ボツワナの首都ハボローネの中心部にある「三首長の像」(英語: Three Dikgosi Monument)は、ツワナ人の三部族バマングワト族(英語版)、バクウェナ族(英語版)、バングワケツェ(Bangwaketse)族それぞれの kgosi (首長の意)であったカーマ3世(英語版)、シェベレ1世(英語版)、バトエン1世の銅像である[1][2]。章典授与式やミス・コンテストのような催し物がこのモニュメントの前で行われている[3]。2007年1月から8月までに行われた調査によると、このモニュメントはハボローネを訪れた観光客が最もよく訪れた場所であった[4]。
解説
それぞれの高さ5.4メートル(18フィート)、堂々たる外観の[5]ブロンズ製の銅像である[2]。モデルとなっている三人の人物はツワナ人の三部族バマングワト族(英語版)、バクウェナ族(英語版)、バングワケツェ(Bangwaketse)族それぞれの kgosi (首長の意)であったカーマ3世(英語版)、シェベレ1世(英語版)、バトエン1世である[1]。三人のdikgosi(kgosi の複数形)は1895年、大英帝国ロンドンにベチュワナランドを代表する外交使節として赴き、自分たちの国が南ローデシア(現在のジンバブエ)に編入されないよう、また、セシル・ローズのイギリス南アフリカ会社にベチュワナランドを支配させないよう、植民地大臣ジョセフ・チェンバレンおよび女王ヴィクトリアと交渉した[1][6]。彼らの願いが聞き入れられ、ベチュワナランドはイギリスの保護国となったため、隣接する白人の人種差別主義的植民地体制に組み入れられることなく将来の独立(1966年)につながった[1]。「三人の首長の像」はこうした彼らの1895年の訪英の功績をたたえる目的で建造が計画された[1]。
三首長の像の建造には総額 10.5 million ボツワナ・プラ(2017年のレートで1億2000万円弱)がかかり、内訳はデザイン費が 7.5 million プラ(同8000万円程度)、造形費が 3 million プラ(同3500万円程度)であった[5]。建造を実施したのは北朝鮮の国営企業万寿台海外開発会社である[5]。国連安全保障理事会が2017年に公表した年次報告書によると、北朝鮮はアフリカ諸国の銅像製作を請け負うことで年間数千万ドルの外貨を獲得している[7]。アフリカの銅像製作は2000年以降の北朝鮮の総輸出額の25%を占める[8]。
歴史
ハボローネには、初代大統領セレツェ・カーマの銅像が1986年に建てられたが、生前の姿にまったく似ていないと非難する声もあった[2]。その息子イアン・カーマが第4代大統領に就任する直前、その銅像は国会議事堂と相対する場所に移設された[2]。「人民と向き合う」という象徴的な意義を持たせた移設であった[2]。2005年に作られた「三首長の像」も論争と無縁というわけにはいかず、入札の裁定方法をめぐって一悶着が起き、入札が北朝鮮企業に決定すると、地元の彫刻家数人が失望を表明した[2]。

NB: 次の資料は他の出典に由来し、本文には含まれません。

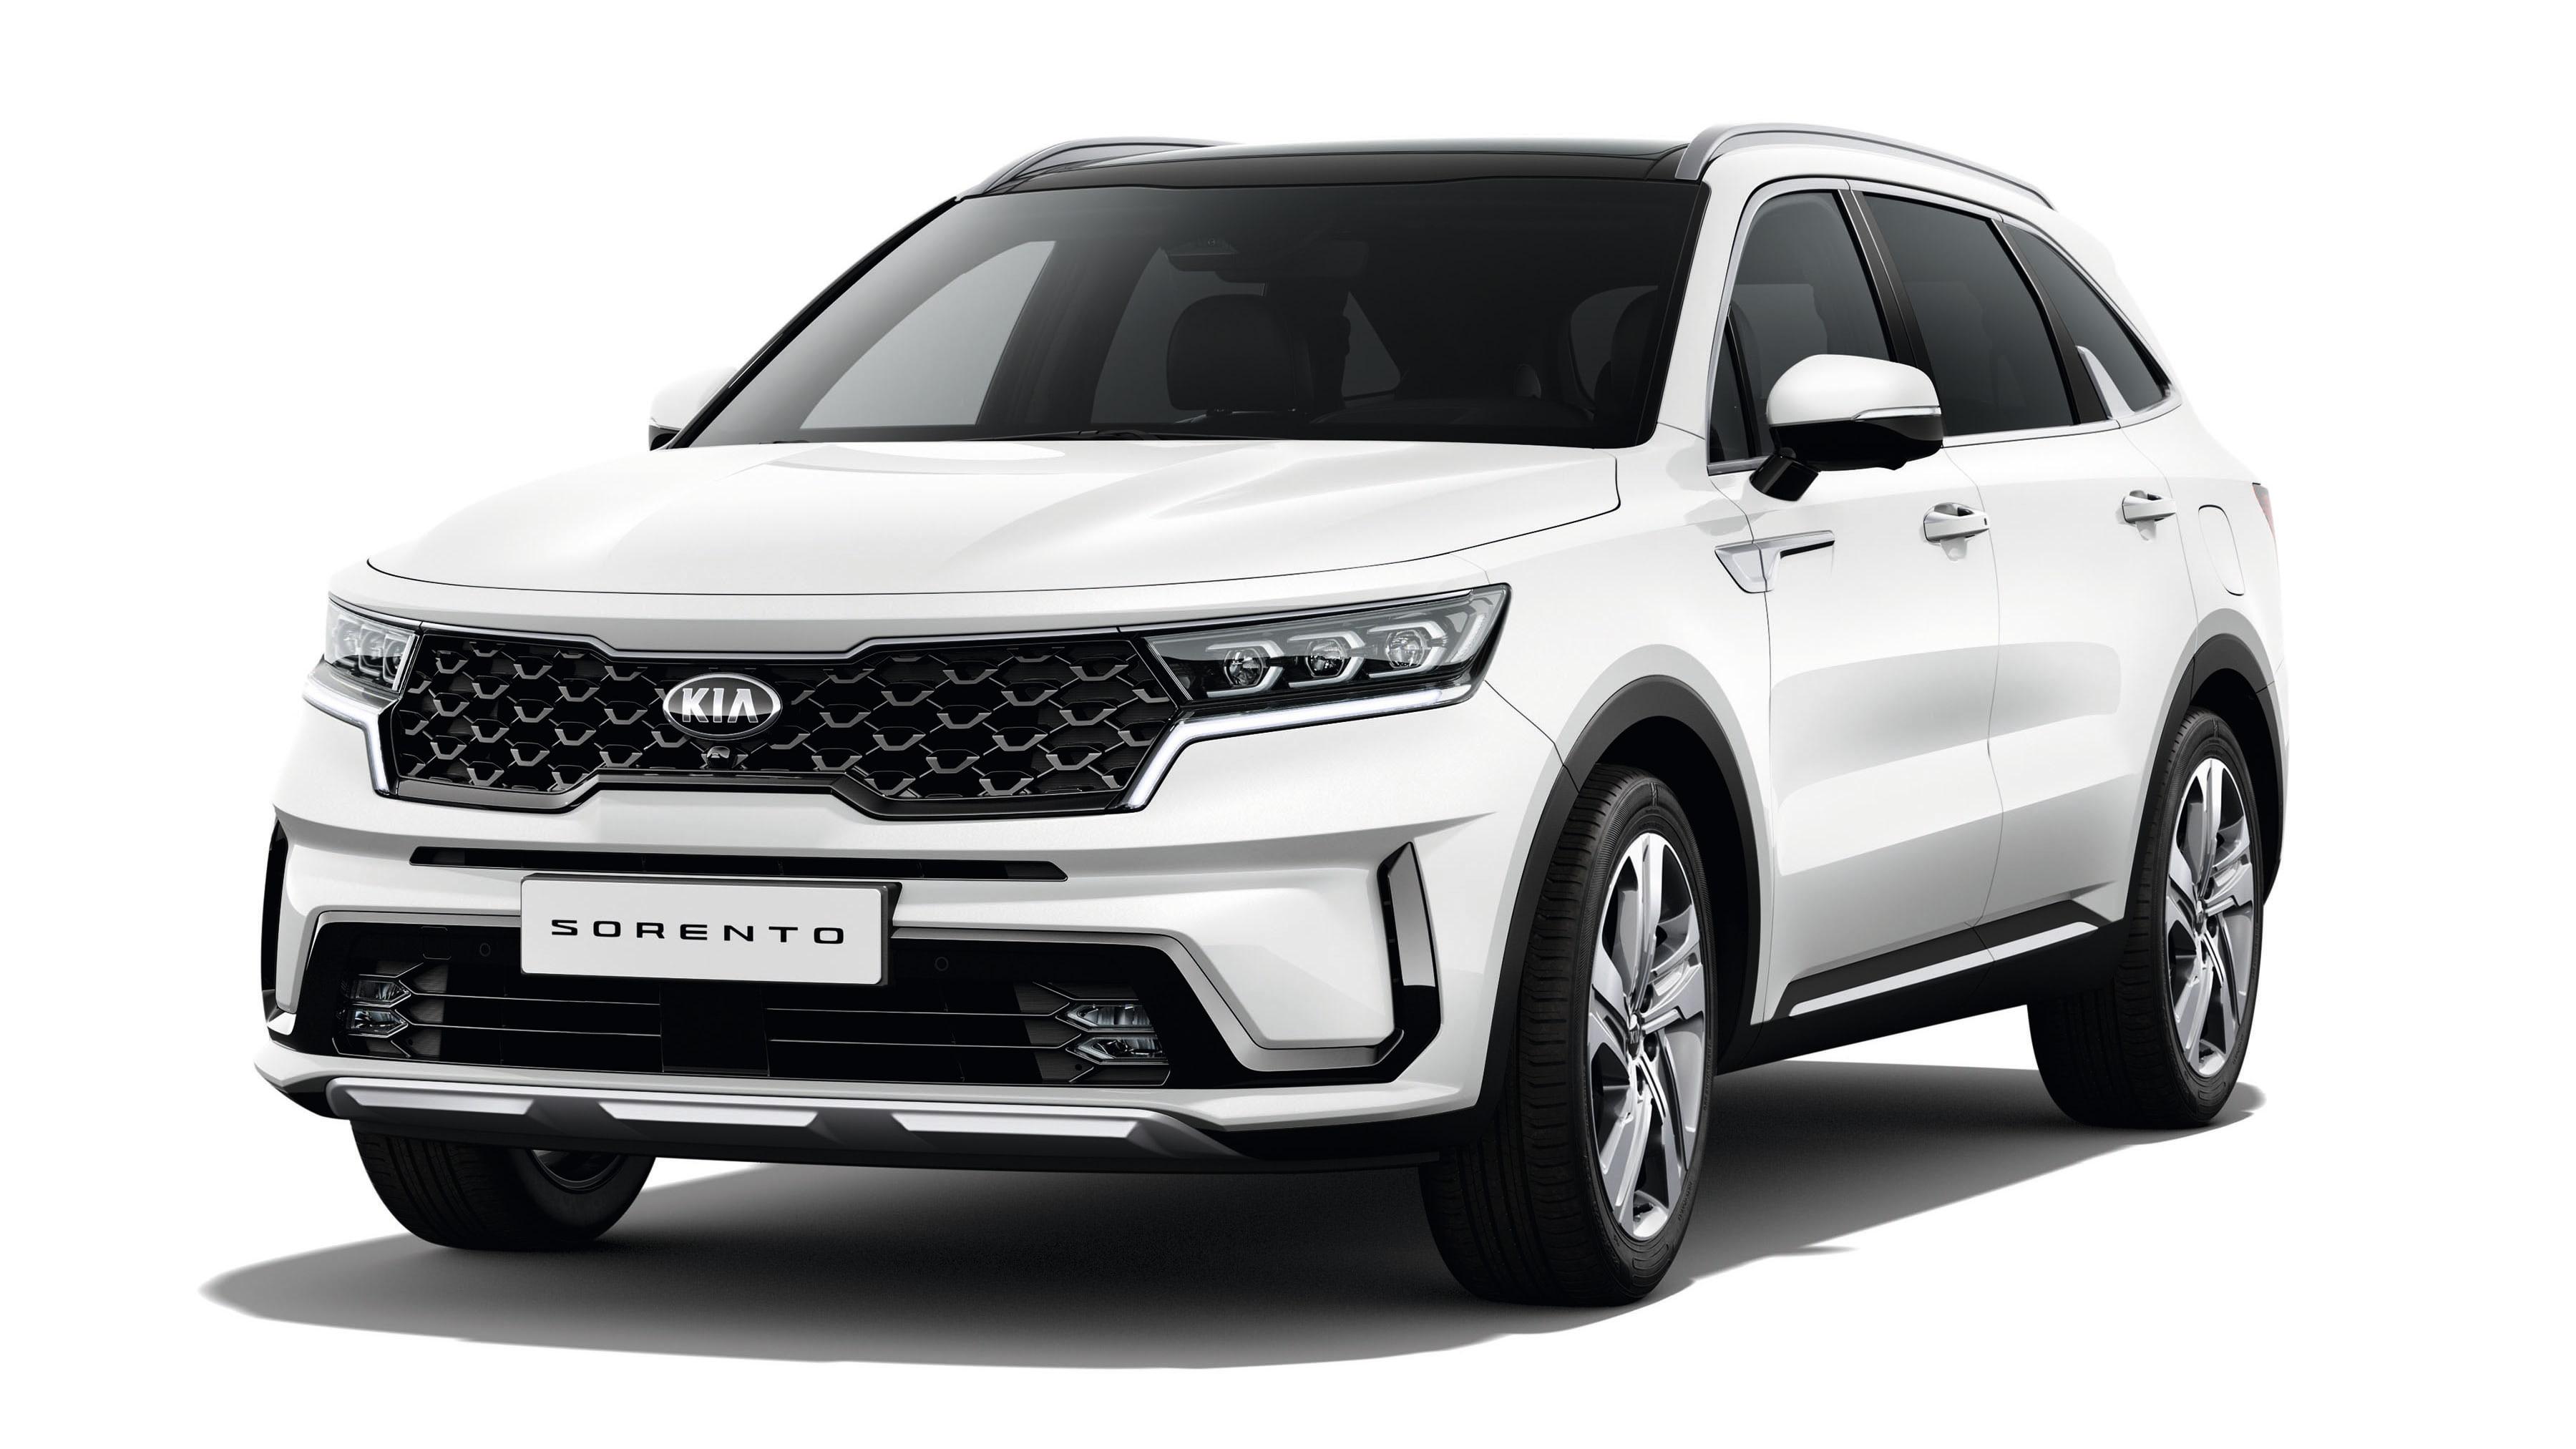 2021 Kia Sorento Price And Specs | Drive Car News

入札の経緯はともかく、ボツワナの全国紙『ムメヒ』の記者の意見によると万寿台創作社は質の高い仕事をしており、銅像は三首長の顔立ちによく似せているという[2]。ボツワナ独立39周年目の独立記念日を翌日に控えた2005年9月29日に当時のフェスタス・モハエ大統領によって公開された[2]。除幕式は10月3日に催された[1]。除幕されたころは、一日あたり800人が三首長の像を訪れる人気であった[2]。独立記念日前後には、勲章などの授与式などがこのモニュメントの前で行われている[3]。2008年の独立記念の一連の式典においては「ミス・インディペンデント・ボツワナ」を決める野外コンテストも三首長の像の前で行われた[3]。2007年1月から8月までに行われた調査によると、このモニュメントはハボローネを訪れた観光客が最もよく訪れた場所であり、その内訳は79%が国内から、8%が南アフリカ共和国から、その他がジンバブエやアメリカ、中国、ケニアなどとなっている[4]。
入札の経緯が不透明であることのほかに、三首長の像の建立自体を問題視する視座もある。ボツワナ国民の民族構成はツワナ人とされる人々が79%の多数派を形成し、カランガ人(英語版)などのマイノリティが残りの21%を占める[9]。建立当初、ボツワナのマイノリティの中には、三首長の像の建立により「ツワナ人こそがこの国の支配者だ」というプロパガンダがまたもや繰り返されたと主張した者もいた[1]。